Всех жителей Пирана. Марчелло устало поднял руку. А что еще оставалось? Как ни бились отдельные члены Комитета за то, чтобы он взял на себя управление всей страной, больше двух третей комитетчиков полагали: свобода – на то и свобода, что каждый приходит к ней сам. И Пирану полагалось быть примером для других городов Ромалии*. Как быть с иными поселениями, пока толком не знали.
– Параграф о равенстве граждан принят! После перерыва перейдем к рассмотрению вопроса о мерах в отношении врагов революции.
– То, чего вы хотите добиться... Давайте называть вещи своими именами: это диктатура!
Голубые глаза Алессандро вновь сверкали, как четыре года назад, до эльфийских погромов. На шелковые рубашки у него давно не было денег, а светлые локоны драгоценно переливались, рассыпавшись поверх грубого льна. Марчелло мысленно улыбнулся своей прошедшей влюбленности.
– Почему? – невозмутимо уточнила Хельга. Она не являлась членом Временного Комитета, но как представитель комитета квартала Ангелов могла явиться во дворец в перерыве между дебатами.
– Триста лет Ромалией управлял дуумвират. Несмотря на все очевидные трудности правления, он привел страну к процветанию – при том, что у нас нет выхода к морю, и долгое время мы постоянно держали оборону против кочевников с юга. Да, теперь и дуумвират, и монархия в принципе стали скорее преградой на пути развития, и революция устранила эту преграду. Точно так же она устраняет и другие пережитки прошлого, вроде сословных привилегий. Но ради чего? Чтобы вместо короля, не важно, одного или двух, страной точно так же правил Комитет или иной орган? Ромалия вздохнула свободно, благодаря революции она имеет право выбора, имеет право уйти из-под железной пяты столицы!
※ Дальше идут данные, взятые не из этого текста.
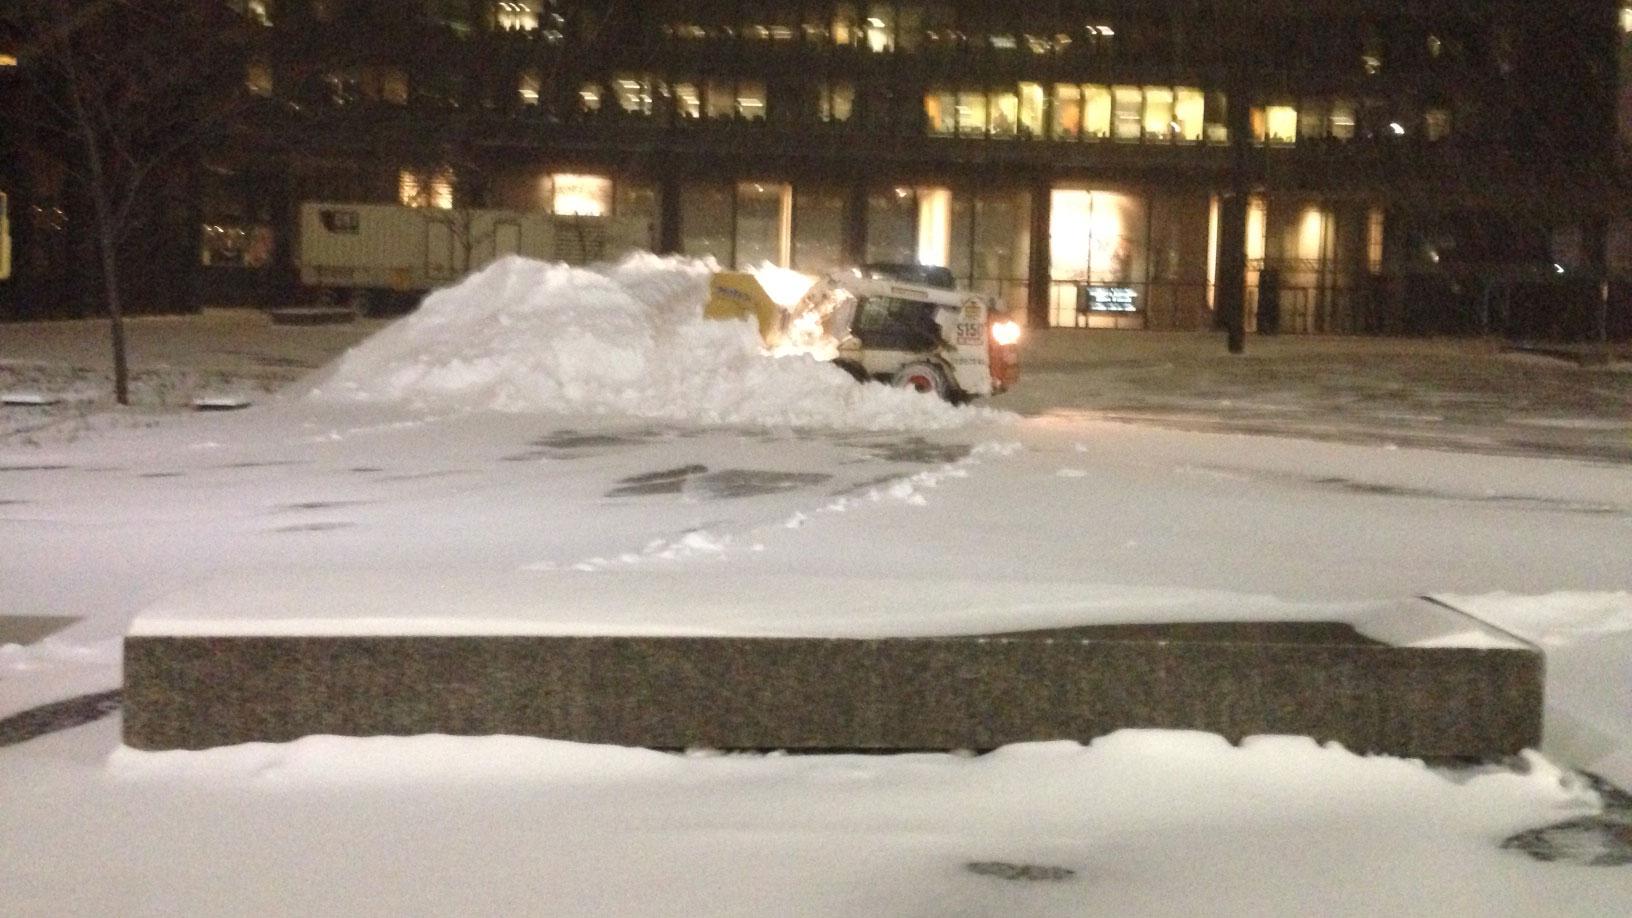 Snow clearing crews on a Toronto street on April 4, 2016.  CITYNEWS/Bertram Dandy.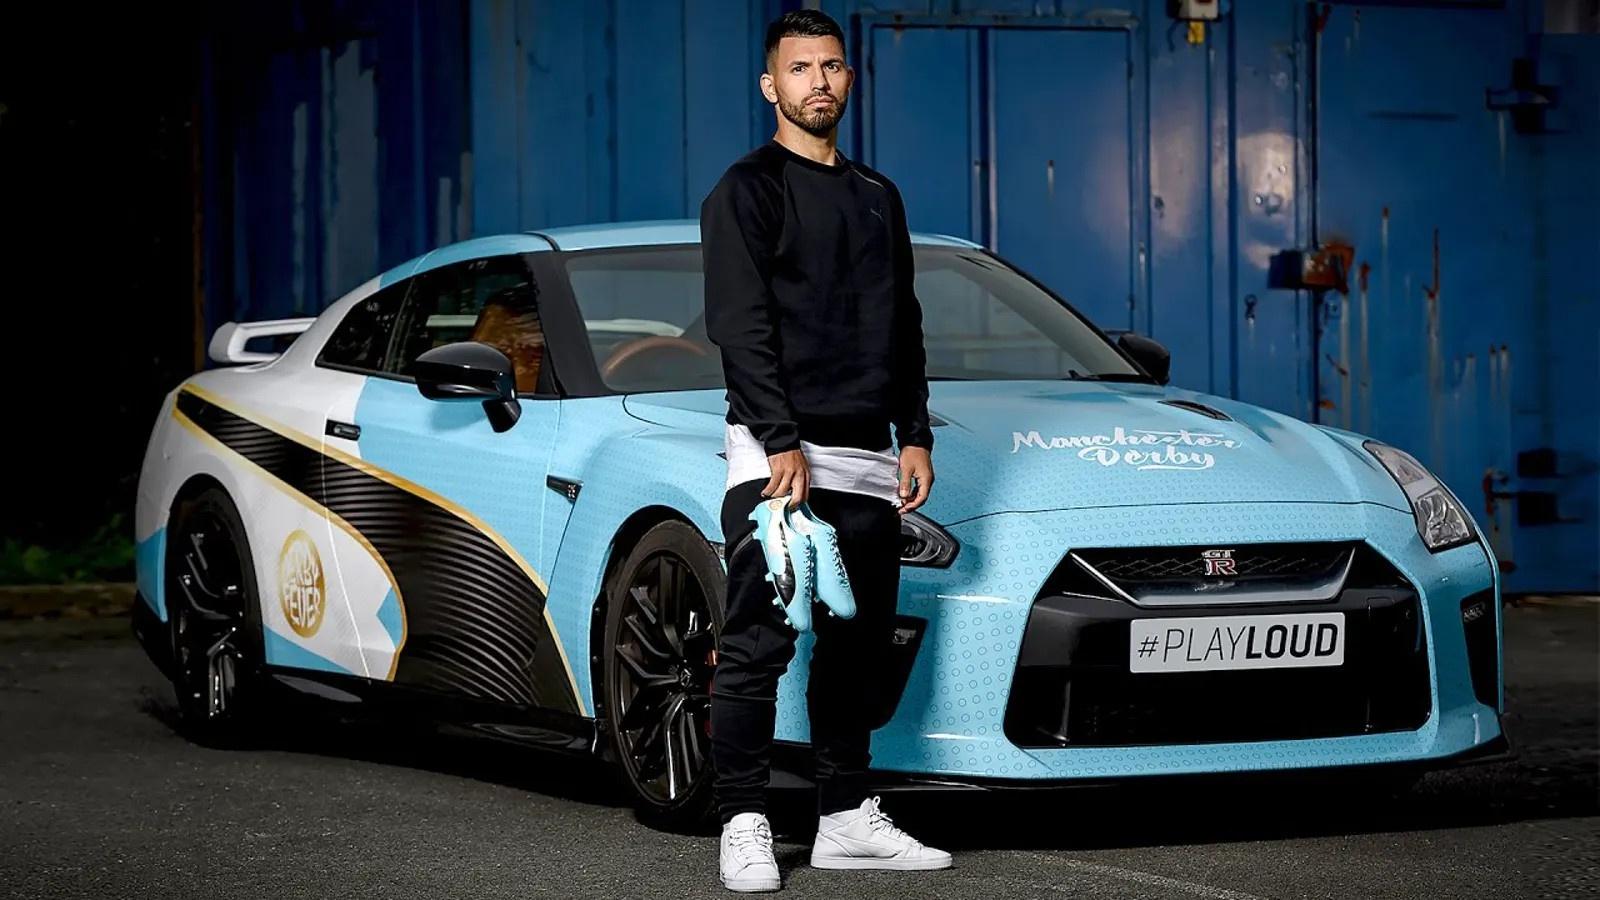 Cau thu Manchester City di xe gi anh 1

– А Вы видели, как она уходит, господин... простите, Алессандро? – спокойно и ласково спросила Хельга. Развязала сумочку на плече, извлекла из нее бумаги одним из тех очаровательных жестов, какие Марчелло стал замечать у своей подруги после свадьбы. Тем временем девушка открыла записи и развернула свою мысль: – Вы знаете, мы с Артуром выезжаем и в Лур, и в деревни. В Луре есть что-то вроде Комитета, но он слабее нашего, и стража, например, подчиняется ему через раз.
– Хельга, не обижайся, пожалуйста, я не сомневаюсь в твоих словах, но в Луре нет серьезных беспорядков. Значит, все идет так, как должно идти.
– Беспорядков нет. А голод – посерьезнее нашего. По нашему примеру они установили максимум цен, а стражники ничего не могут поделать с перекупщиками, – невозмутимое лицо Хельги заметно погрустнело, и она продолжила, шелестя бумагами: – В окрестных владениях не всем крестьянам хватает сил, чтобы выступить против своих хозяев. Они бегут к нам, надеются найти работу, а их ловят... И еще шибеницы вдоль дорог... Хорошая свобода, Алессандро?
– Центральная власть исправит? – недоверчиво, но явно сдаваясь, промолвил эльф.
– Хотя бы попытаемся, – пожал плечами один из сторонников распространения на всю страну принятой конституции.
– Что ж, я не берусь предвидеть, больше будет вреда или пользы... Но то, что вы собираетесь предложить после перерыва? Конфискация имущества врагов революции? Мы – Комитет, а не грабители. Пусть отвечают по закону, пусть отсиживают положенные сроки в тюрьме... Хотя мы вместе брали Сырь и, кажется, радовались ее падению... Пусть. Но, Марчелло! Тебя судили. Если бы ты вернулся домой после заключения и обнаружил, что у тебя отобрали... – Алессандро замялся и неопределенно махнул рукой в цветущий сад под балконом.
– Отобрали? Что? Книги? – пожал плечами историк.
– А хоть и книги, – горячо вклинился в спор Яри. Он на тех же правах, что и Хельга, подоспел к перерыву. – Вот подумай. Начнете вы с конфискации имущества врагов революции. Дальше куда? Дворцы уже заняли, сколько всего растащили. Дальше – еще какие дома отбирать? А кроме домов? Лавку моего дяди, который всю жизнь, не жалея ни рук, ни спины, горбатился, чтобы ее заиметь, тоже конфискуете?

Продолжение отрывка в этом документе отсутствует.